With respect to the second challenged regulation, 3 Va. Admin. Code 5-20-40(B)(3), the court acknowledged that underage drinking is a significant problem on college campuses, and applauded the state’s efforts to address it. However, the state presented no evidence that the regulation directly contributed to temperance among students, the court said.

“[N]ot a single witness testifies as to how this regulation, which has been in effect for decades, has directly advanced the admittedly substantial governmental interest of preventing underage consumption of alcohol or abusive drinking,” Lauck wrote.

The regulation also is not narrowly tailored, Lauck wrote. It is overinclusive because it prohibits adult readers who also read the Collegiate Times and Cavalier Daily from receiving alcohol advertising. Both student newspapers had demonstrated that at least 50 percent of their audience was of legal age to purchase and consume alcohol. Neither the rationale for permitting some words in advertisements and excluding others, nor the rationale for allowing advertisements associated with dining establishments was fully explained, Lauck wrote.

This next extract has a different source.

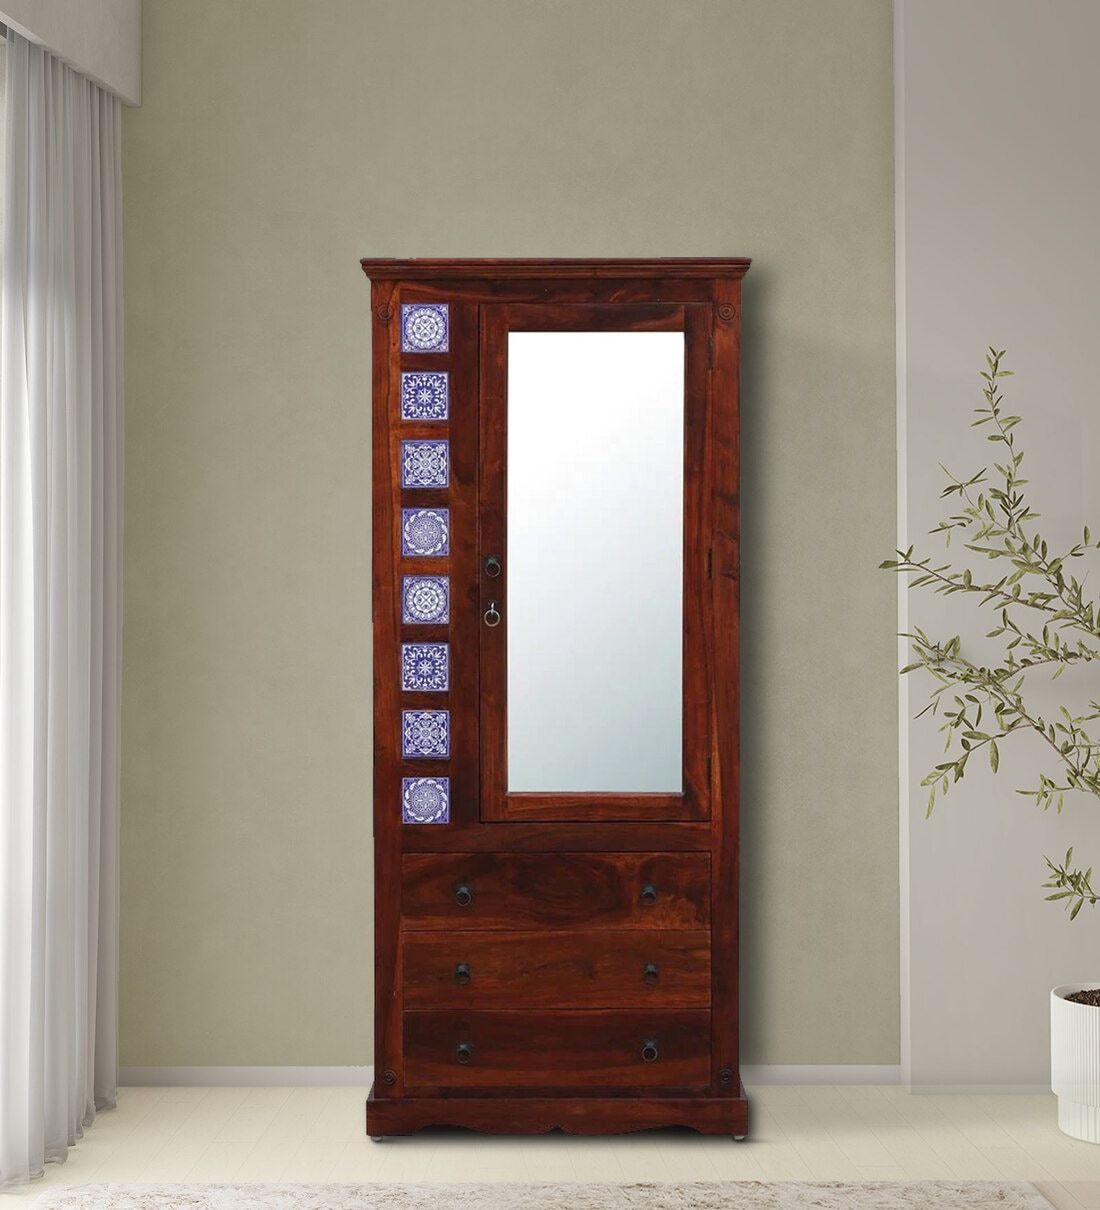 Buy Kamchini Sheesham Wood Single Door Wardrobe In Scratch Resistant Honey  Oak Finish With Mirror At 1% Offmudramark From Pepperfry | Pepperfry With Single Door Mirrored Wardrobes (View 8 of 15)

Although this case raised an issue of first impression in the 4th Circuit, Lauck cited an opinion authored by then-Circuit Judge Samuel Alito for the 3rd Circuit U.S. Court of Appeals on a similar issue. In The Pitt News v. Pappert, 379 F.3d 96 (3d Cir. 2004), the 3rd Circuit struck down a Pennsylvania statute banning alcohol advertising in educational institution publications. Judge Alito wrote in his opinion, “[T]he law applies to ads that concern lawful activity (the lawful sale of alcoholic beverages) and that are not misleading, and we see no other ground on which it could be argued that the covered ads are outside the protection of the First Amendment.” (For more on the case see “Pitt News Can Run Alcohol Ads” in the Summer 2004 Silha Bulletin. For more on Justice Alito’s views on the First Amendment, see “New Justice Alito Addresses the Importance of the First Amendment at Confirmation Hearings” in the Winter 2006 issue.)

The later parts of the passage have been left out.